Typically, we find that having an Epoch time around 30min is ideal both in terms of safety (checkpointing often enough)
and getting updates often enough. One Epoch is at least a `train` stage that lasts for `optim.updates_per_epoch` (2000 by default),
and a `valid` stage. You can control how long the valid stage takes with `dataset.valid.num_samples`.
Other stages (`evaluate`, `generate`) will only happen every X epochs, as given by `evaluate.every` and `generate.every`).
### Models
In AudioCraft, a model is a container object that wraps one or more torch modules together
with potential processing logic to use in a solver. For example, a model would wrap an encoder module,
a quantisation bottleneck module, a decoder and some tensor processing logic. Each of the previous components
can be considered as a small « model unit » on its own but the container model is a practical component
to manipulate and train a set of modules together.
### Datasets
See the [dedicated documentation on datasets](./DATASETS.md).
### Metrics
See the [dedicated documentation on metrics](./METRICS.md).
### Conditioners
AudioCraft language models can be conditioned in various ways and the codebase offers a modular implementation
of different conditioners that can be potentially combined together.

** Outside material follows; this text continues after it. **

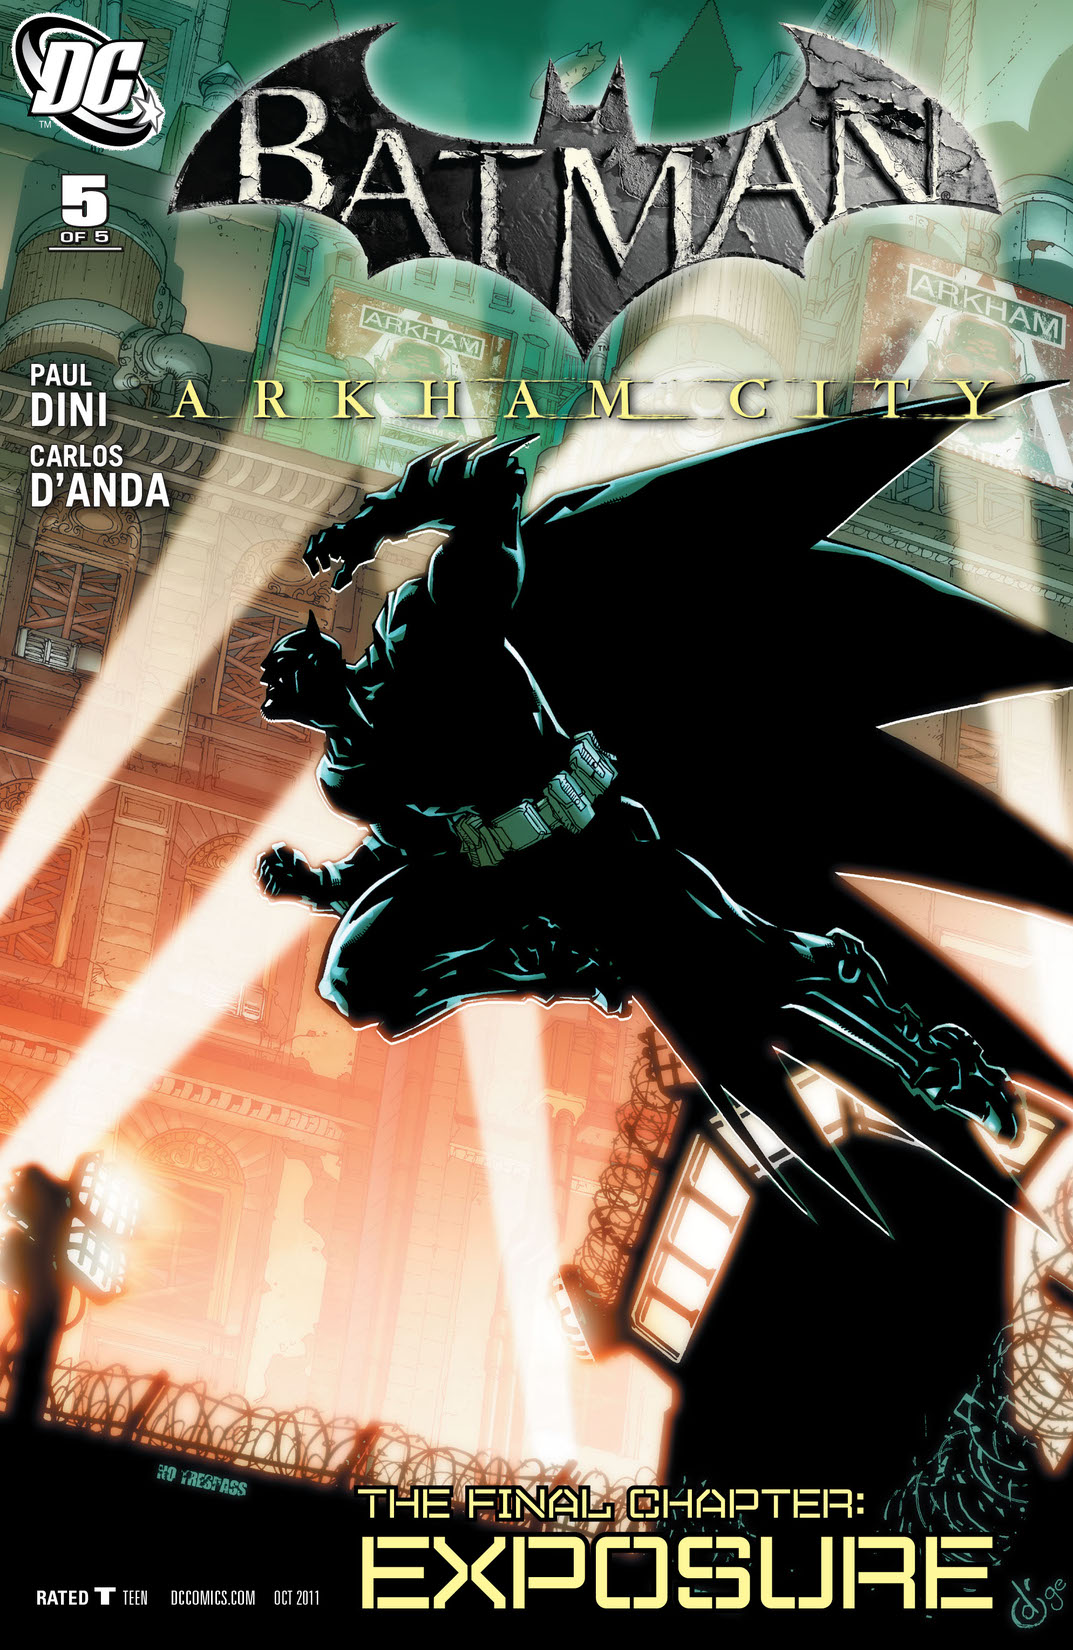 Batman: Arkham City #5 preview images

Learn more in the [dedicated documentation on conditioning](./CONDITIONING.md).
### Configuration
AudioCraft's configuration is defined in yaml files and the framework relies on
[hydra](https://hydra.cc/docs/intro/) and [omegaconf](https://omegaconf.readthedocs.io/) to parse
and manipulate the configuration through Dora.
##### :warning: Important considerations around configurations
Our configuration management relies on Hydra and the concept of group configs to structure
and compose configurations. Updating the root default configuration files will then have
an impact on all solvers and tasks.
**One should never change the default configuration files. Instead they should use Hydra config groups in order to store custom configuration.**
Once this configuration is created and used for running experiments, you should not edit it anymore.
Note that as we are using Dora as our experiment manager, all our experiment tracking is based on
signatures computed from delta between configurations.
**One must therefore ensure backward compatibility of the configuration at all time.**
See [Dora's README](https://github.com/facebookresearch/dora) and the
[section below introduction Dora](#running-experiments-with-dora).
##### Configuration structure
The configuration is organized in config groups:
* `conditioner`: default values for conditioning modules.
* `dset`: contains all data source related information (paths to manifest files
and metadata for a given dataset).
* `model`: contains configuration for each model defined in AudioCraft and configurations
for different variants of models.
* `solver`: contains the default configuration for each solver as well as configuration
for each solver task, combining all the above components.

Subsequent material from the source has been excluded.